Après les attentats de Paris en novembre, de nombreux utilisateurs sur Facebook ont recouvert leur photo de profil du drapeau français. J’étais bouleversée pour toutes les victimes, mais je ne l’ai pas fait. Je me suis en effet demandée si j’étais plus, moins ou aussi triste que lors d’autres attaques, et si je ne devrais pas changer ma photo pour rendre hommage aux morts d’autres massacres.
J’ai eu honte d’avoir ce genre de pensées et j’ai préféré ne rien faire.
Cependant, je n’ai pas insulté ceux qui arboraient des drapeaux français.
Parmi mes amis qui avaient ajouté le drapeau français, certains avaient agi, sans aucun doute, sous la pression sociale : tout le monde le fait, donc moi aussi. D’autres voulaient indéniablement montrer à quel point ils sont de bonnes personnes et dire au monde : “Regardez, je réagis à cette crise de façon politiquement et émotionnellement correcte”. Et d’autres encore se sentaient certainement attristés et en colère et voulaient faire quelque chose, et changer leur photo de profil était ce quelque chose.
On devrait pouvoir montrer son chagrin. Personne n’est obligé de participer, mais considérer que la peine des autres est sincère et s’abstenir de critiquer ceux qui affichent publiquement leur tristesse est une marque d’humanité.
Quand David Bowie est mort, beaucoup d’auteurs (dont moi) ont souhaité s’exprimer.
Une ou deux heures plus tard, certains s’insurgeaient déjà contre l’hypocrisie et le comportement moutonnier des réactions. D’aucuns ont immédiatement ressenti le besoin déclarer au monde entier qu’ils se moquaient éperdument de sa mort.
À quoi servent ces commentaires ? Même si la souffrance affichée par quelqu’un n’est pas sincère, pourquoi s’en offusquer ? Pourquoi faut-il à tout prix afficher son indifférence ?

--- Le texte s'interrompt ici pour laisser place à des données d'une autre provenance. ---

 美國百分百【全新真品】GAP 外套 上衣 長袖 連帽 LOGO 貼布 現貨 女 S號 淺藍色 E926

La question se pose quel que soit le sujet. D’où vient ce besoin de dire : “Tout le monde regarde le foot aujourd’hui, mais moi, je m’en moque”, “Tout le monde veut voir Star Wars, mais pas moi” ?

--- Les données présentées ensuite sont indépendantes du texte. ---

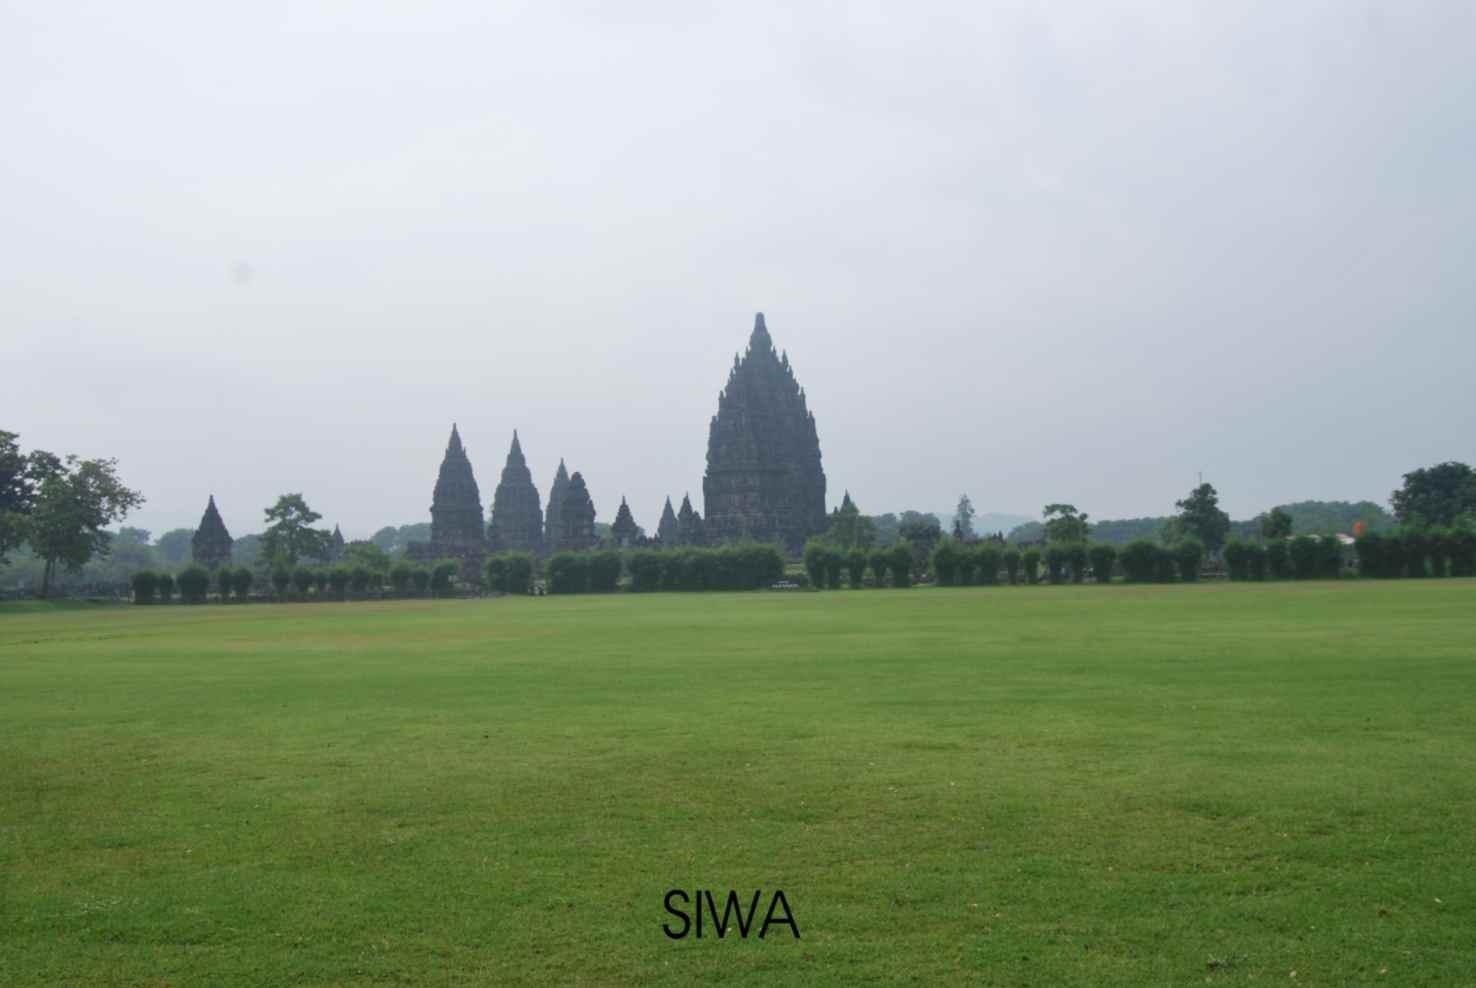 http://SIWA

Une des raisons est due aux réseaux sociaux qui nous permettent de trouver aisément des personnes partageant nos opinions et qui nous poussent constamment à dire que l’on aime quelque chose, à suivre quelqu’un, à devenir membre d’un groupe, à tel point qu’un désaccord constitue désormais un affront.

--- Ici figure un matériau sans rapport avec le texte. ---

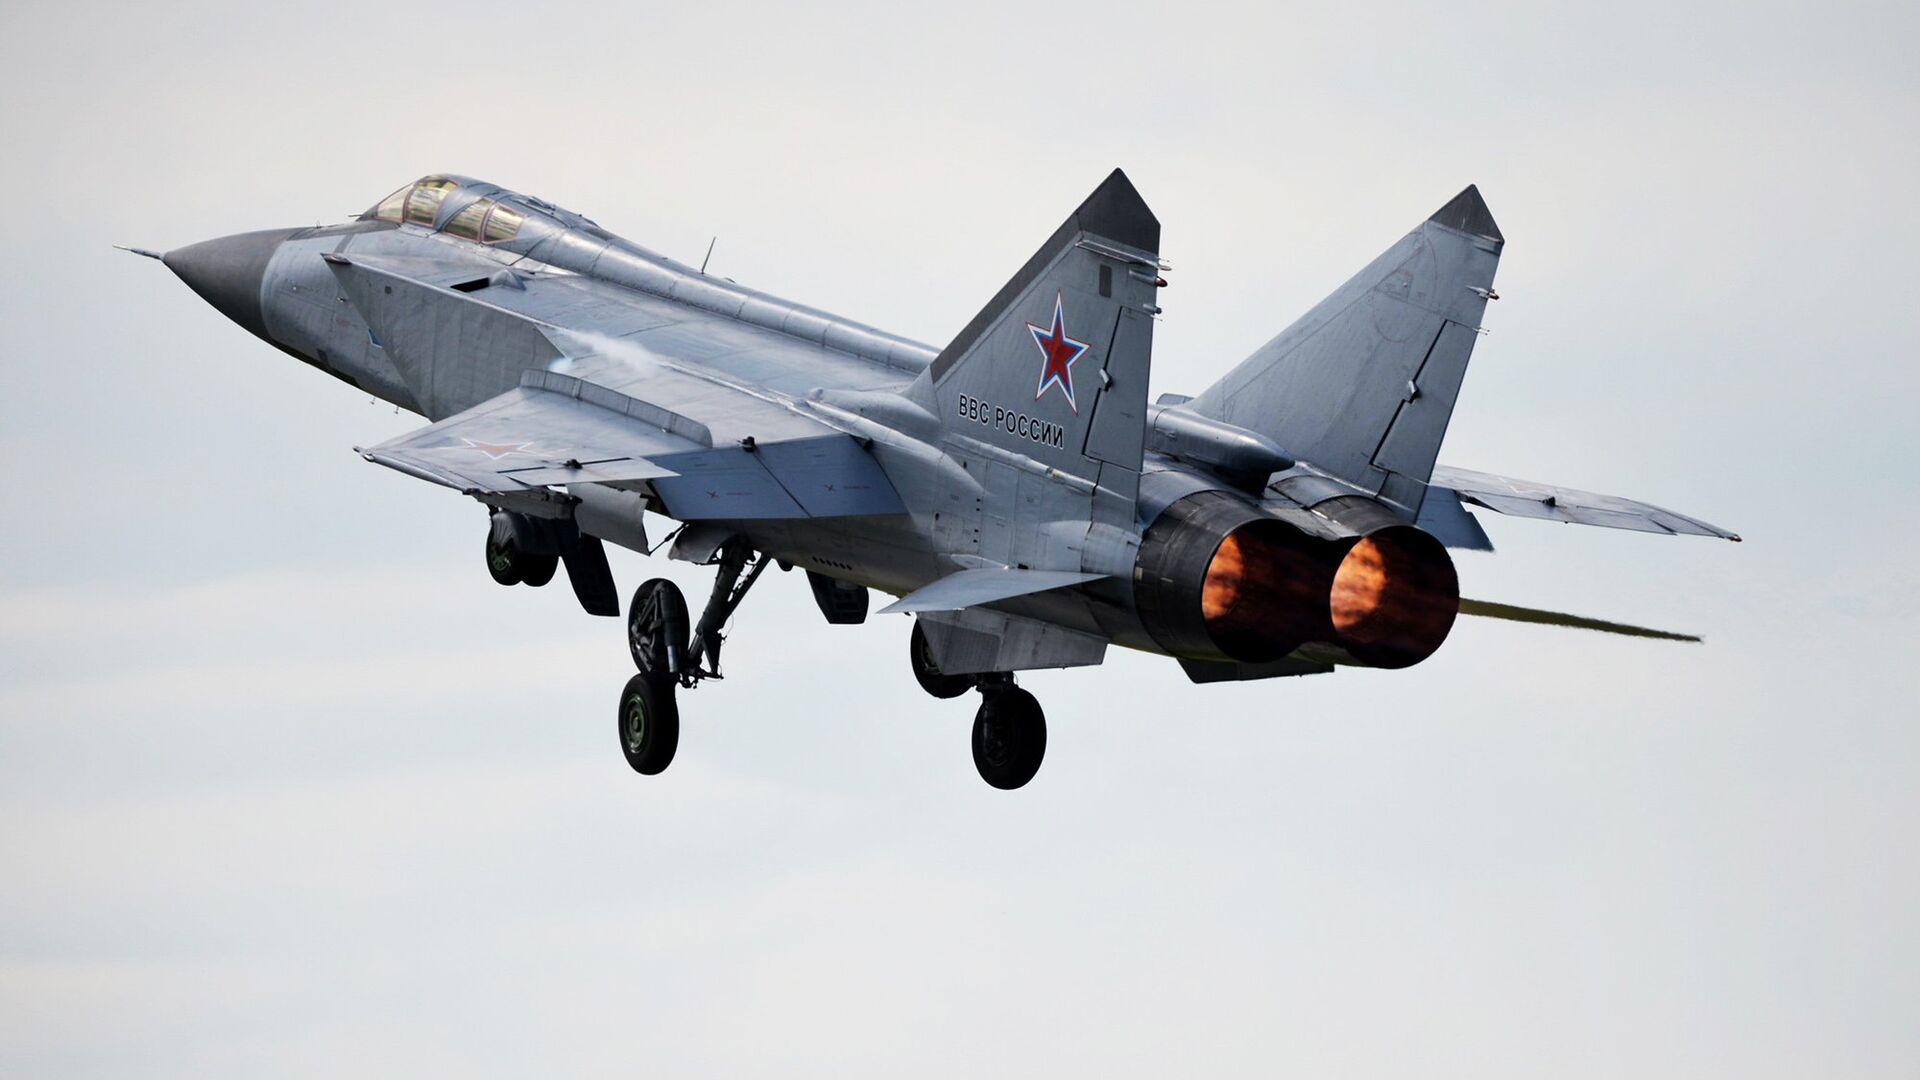 Истребитель-перехватчик МиГ-31 - РИА Новости, 1920, 07.04.2021

Une autre explication est liée à notre besoin pernicieux de paraître branché : ce qui est populaire, partagé par un grand nombre de personnes est forcément digne de mépris. Personnellement, avoir un avis similaire à d’autres ne me dérange pas. Ne pas partager l’opinion majoritaire et continuer tranquillement son chemin n’est pas une tare non plus.
Nous en avons également assez qu’on nous dicte ce que nous devons ressentir, qu’on nous force à être ému à propos de tout. Je le conçois tout à fait. Mais n’oublions pas qu’au delà de la stratégie de manipulation des médias, les opinions des gens normaux y sont aussi représentées. En déclarant : “Il est mort ? Rien à cirer !”, peut-être pensons-nous défier les magnats des médias et conserver une certaine indépendance émotionnelle, mais nous nous attaquons aussi aux autres victimes de ces médias.
Se montrer indifférent à un événement qui affecte d’autres personnes est inélégant, mais manifester ostensiblement son indifférence à la mort de quelqu’un va au-delà. Personne n’est contraint d’être triste. Ni même de s’intéresser au sujet. En tant que catholiques, notre seule obligation est de prier pour l’âme du défunt. Mais pas plus.
Si vous n’aviez pas d’estime pour le mort, si vous pensez qu’il ne méritait pas son succès, qu’il est responsable de l’échec professionnel de votre fils, qu’il va finir en enfer, et voulez à tout prix vous exprimer, faites-le, mais plus tard. Pas tant que le corps est encore chaud.